▸ **TASK BRIEF**:
Would you reproduce the data below exactly, please, leaving out its images?

(SUPPLIED MATERIAL)

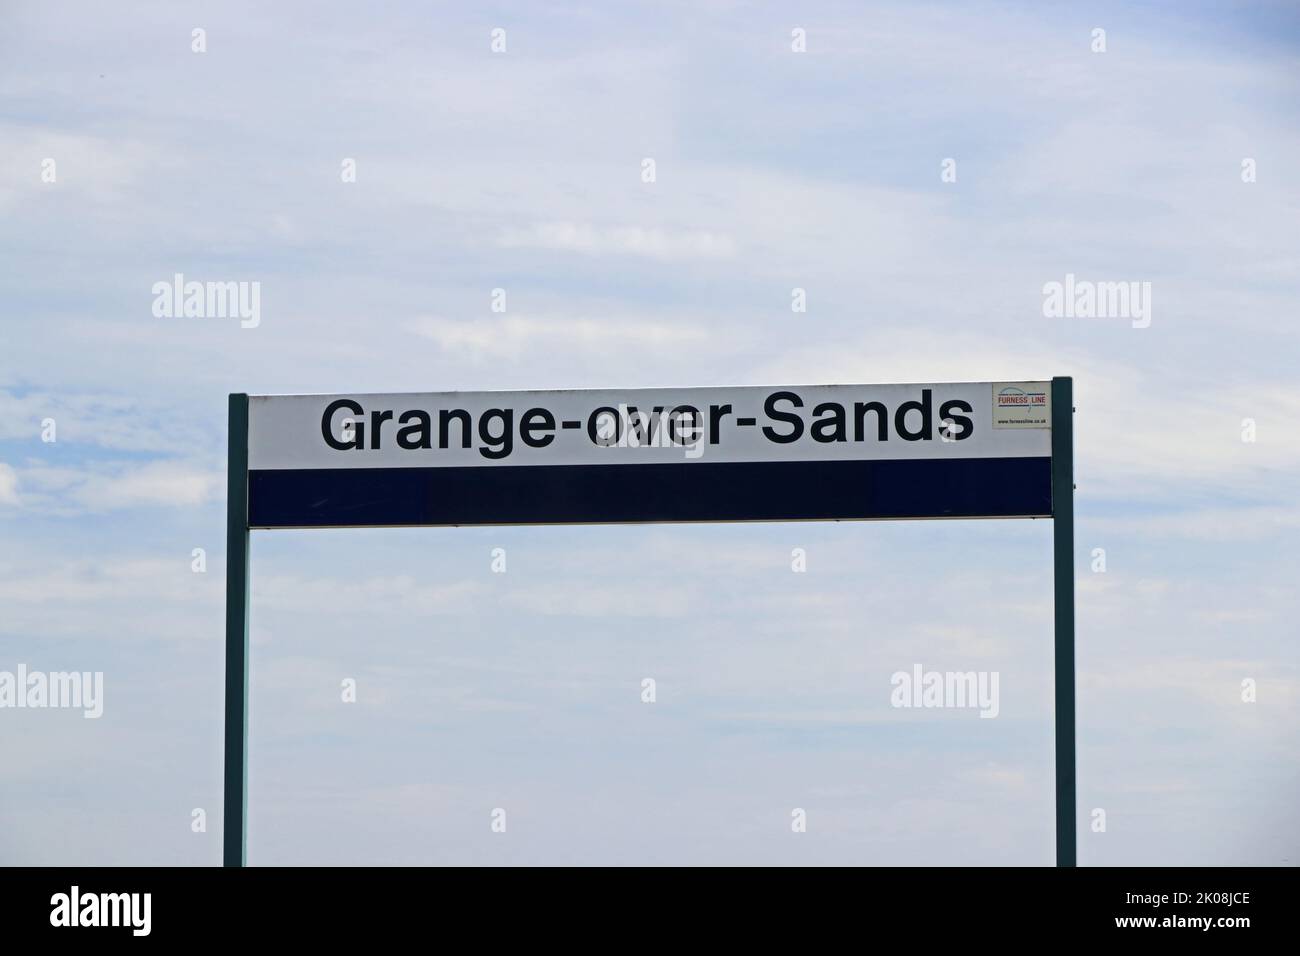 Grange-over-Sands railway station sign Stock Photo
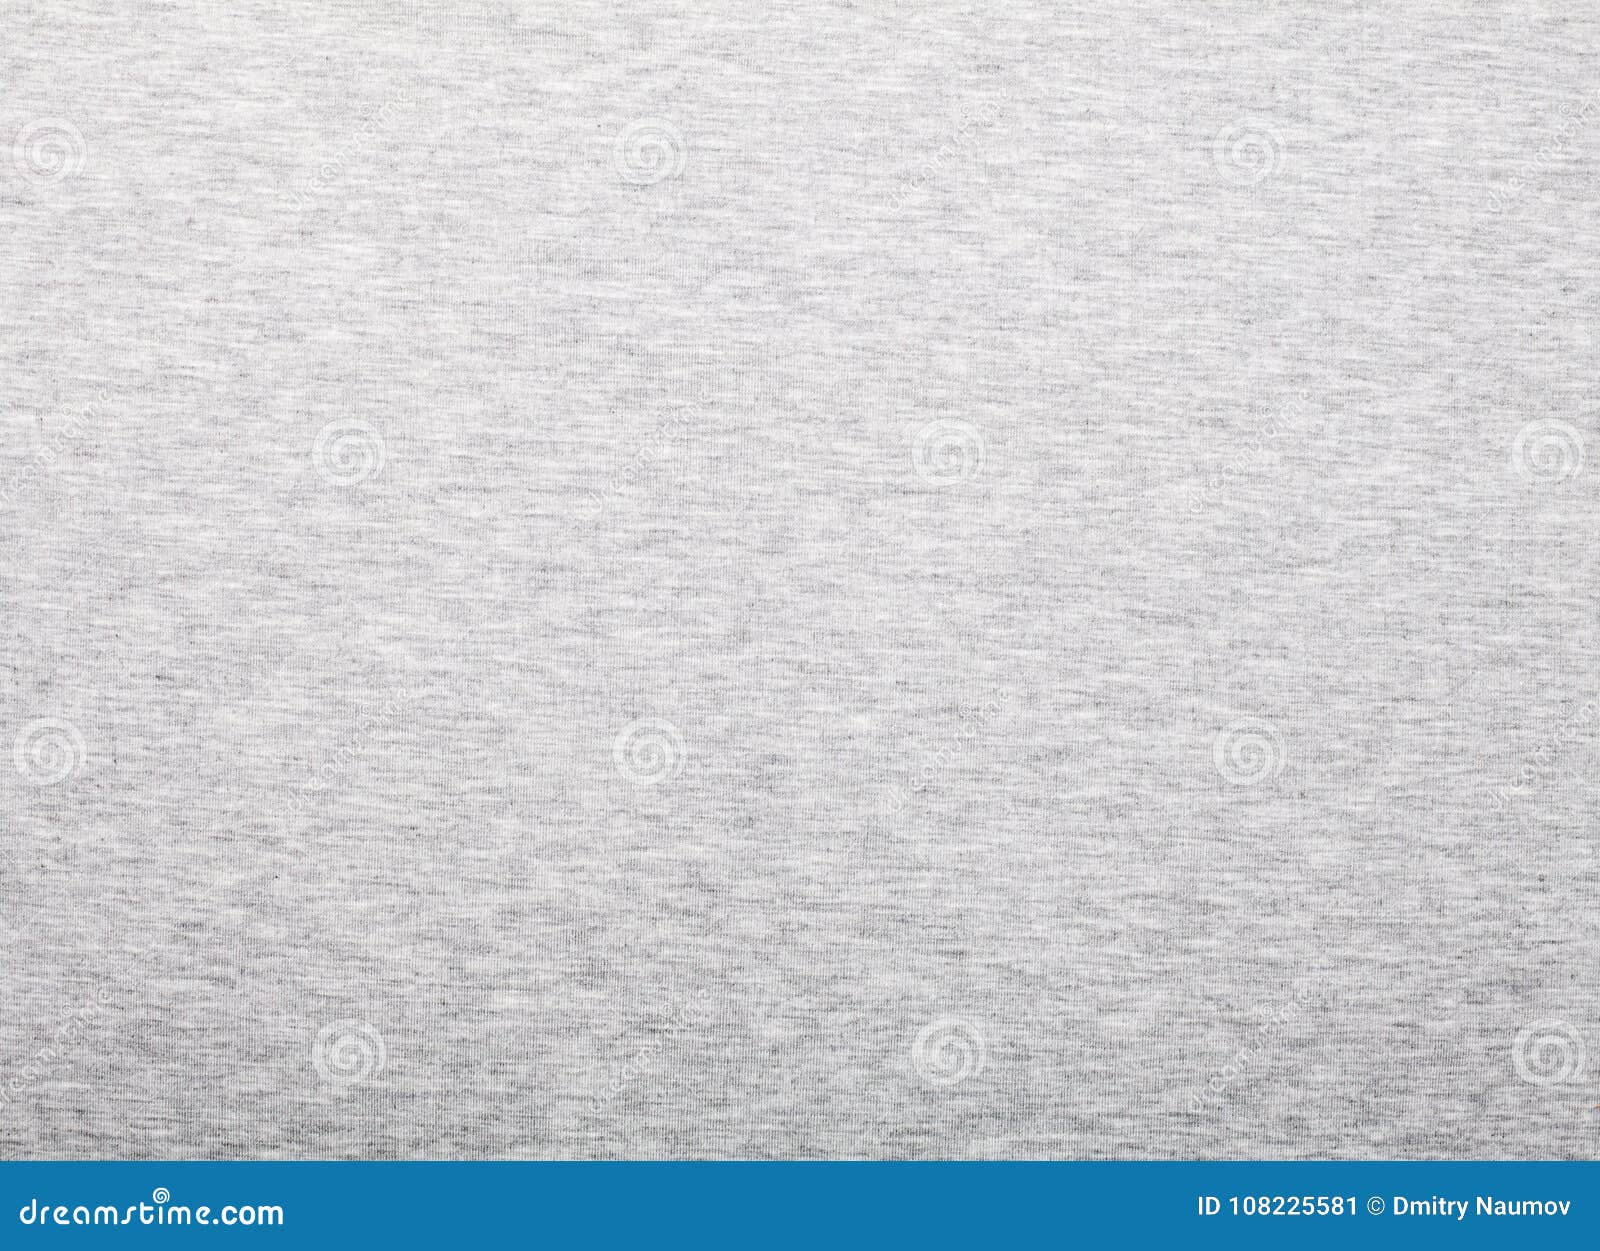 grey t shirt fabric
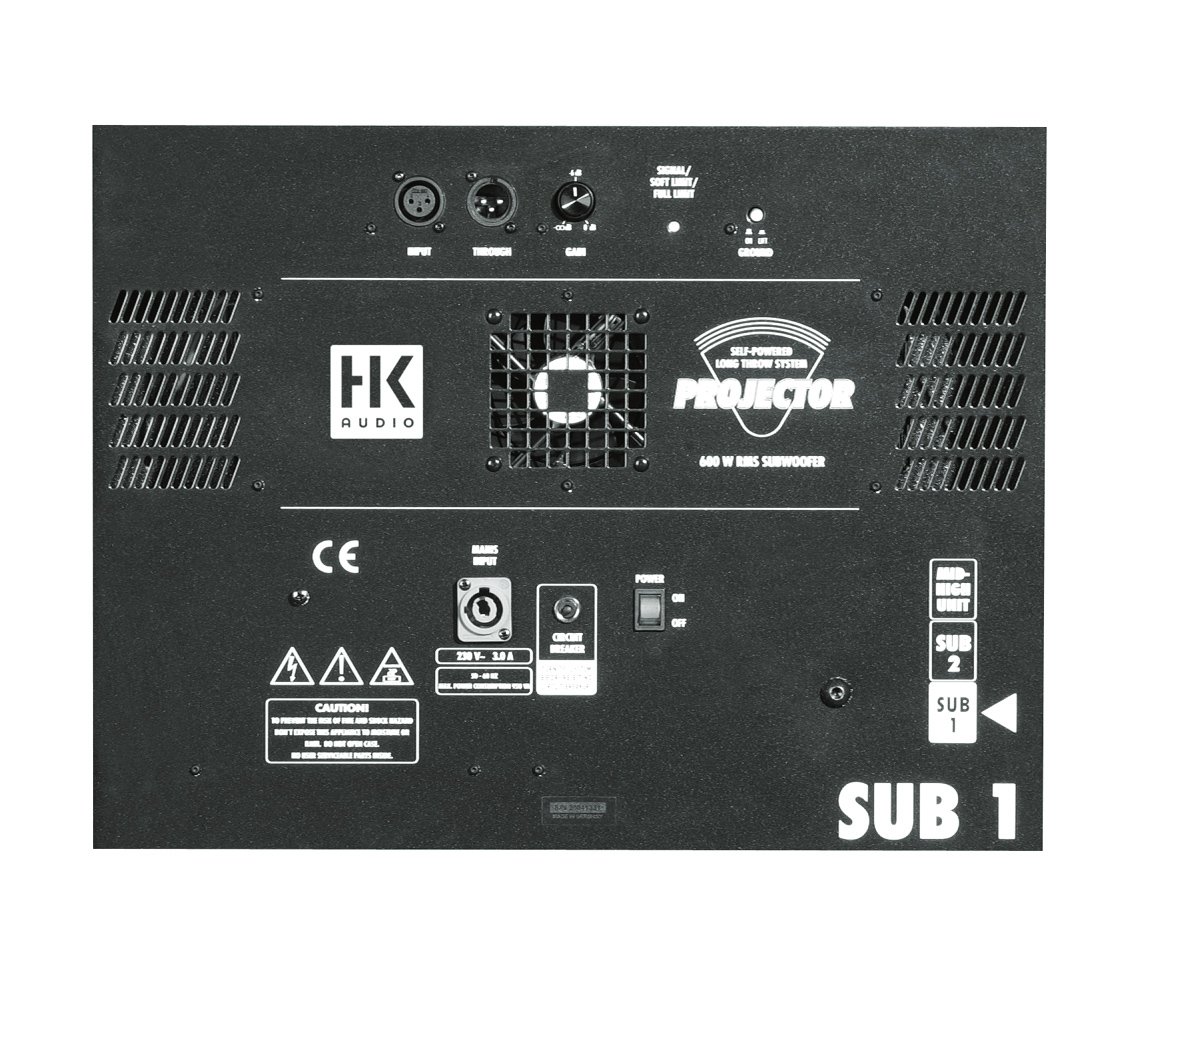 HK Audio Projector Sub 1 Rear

(End SUPPLIED MATERIAL)

▸ **RESPONSE TO THE EXERCISE**:
 Grange-over-Sands railway station sign Stock Photo
 grey t shirt fabric
 HK Audio Projector Sub 1 Rear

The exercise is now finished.